At American colleges and universities, tenure is the ultimate prize for professors. At Western Carolina University, faculty members have a new way to earn tenure and promotions -- how they apply their scholarship to real problems in the rural areas near its campus.
With an enrollment of 9,055, WCU is located near Cullowhee, N.C., a small community about 50 miles west of Asheville, N.C. It is one of the 16 universities in the North Carolina system, and the first to adopt the reward system that recognizes multiple forms of scholarship, especially those with real-world applications. The system is based upon the “Boyer Model of Scholarship,” a system named for Ernest Boyer, former president of the Carnegie Foundation for the Advancement of Teaching, as its recognition of the "scholarship of application” connects with university’s vision, said WCU Chancellor John W. Bardo.

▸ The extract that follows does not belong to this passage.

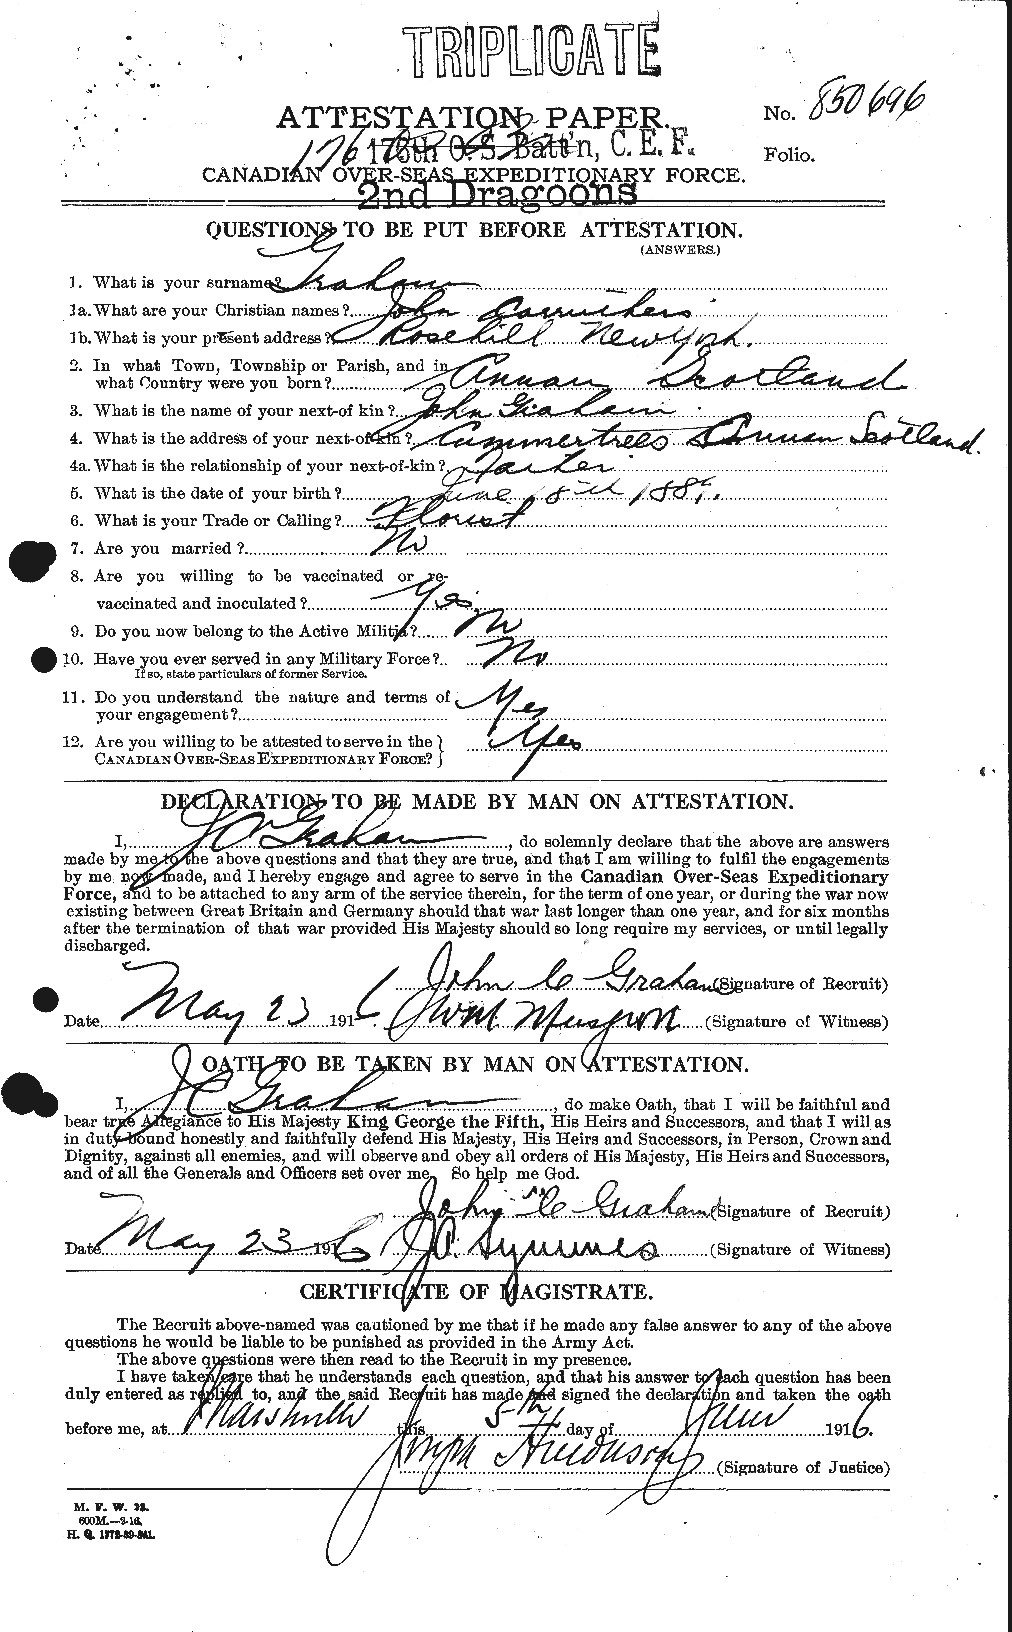 Personnel Records of the First World War - CEF 359160a

“The scholarship of application is not merely service to the community,” said Bardo. “Instead, it is a rigorously designed project of scholarship or research that is intended to answer critical questions in the surrounding community. It requires faculty members to engage with the broader community, to understand the community’s needs, and to gain sufficient knowledge of the situation so that they are able to design and execute research to address those specific needs.”
Examples include a program from WCU psychology professors that is designed to curb childhood obesity, as well as the work of business professors who are guiding students as they help Canton, N.C., recover from flooding in 2004. Biologists are working with Cherokee scholars to restore rivercane, which has long played an important in the tribe's culture. WCU's program, and others like it, could spark good things for rural areas, especially since the work will have more than just intrinsic rewards for those on the academic side.